When thinking of ways to increase the likeability of people speaking up, financially rewarding your employees may seem like a logical step to take. Providing a money reward may give people who are nervous about voicing their concerns another, more tangible, incentive to do so. If rewarding increases the amount of reports, isn’t this a favourable option to consider?
However, the question is to be asked whether this is the incentive that you want reporters to be motivated by.
As an organisation, you want your people to be honest and sincere when they voice their concerns. Through our years of experience in the field, we have found that if someone really believes something is wrong, this person will blow the whistle regardless of whether a reward is being offered.
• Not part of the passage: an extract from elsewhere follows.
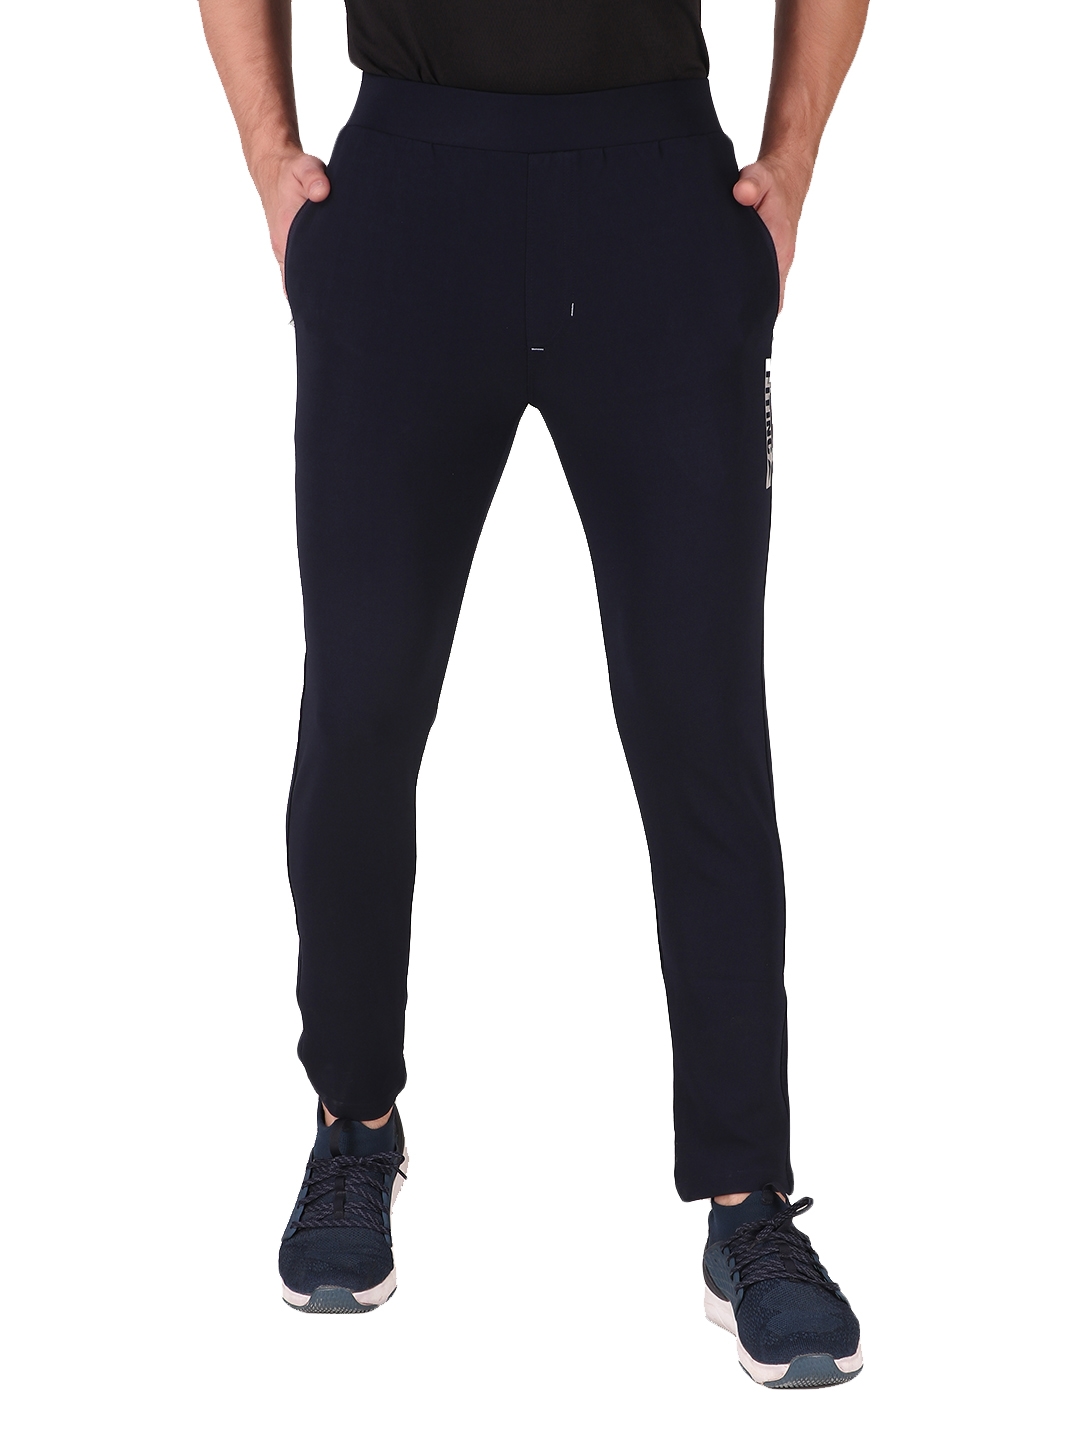 Fitinc | Fitinc Gym Yoga Active Sports Wear Navy Blue Sweat Track Pants for Men

In other words, if a reward is being offered, it is likely that the decision to blow the whistle will shift from ‘doing the right thing’ to a trade-off between cost and benefit. From a benefit point of view, it might then make sense to wait to report something, until it becomes very serious (thus enlarging the chance of a reward). This is of course detrimental to the goal of having a reporting mechanism in place: detecting misconduct as soon as possible.
We strongly believe that giving your employees the feeling that they can freely and anonymously speak up about perceived wrongdoings is key to creating an open SpeakUp culture. Money rewards will not incentivise your employees in the right way. Instead, companies are better off creating social courage. This implies encouraging people to speak up for moral reasons, because they genuinely think something is wrong. An open and more cooperative working environment in which people feel at ease will ultimately be the result of this.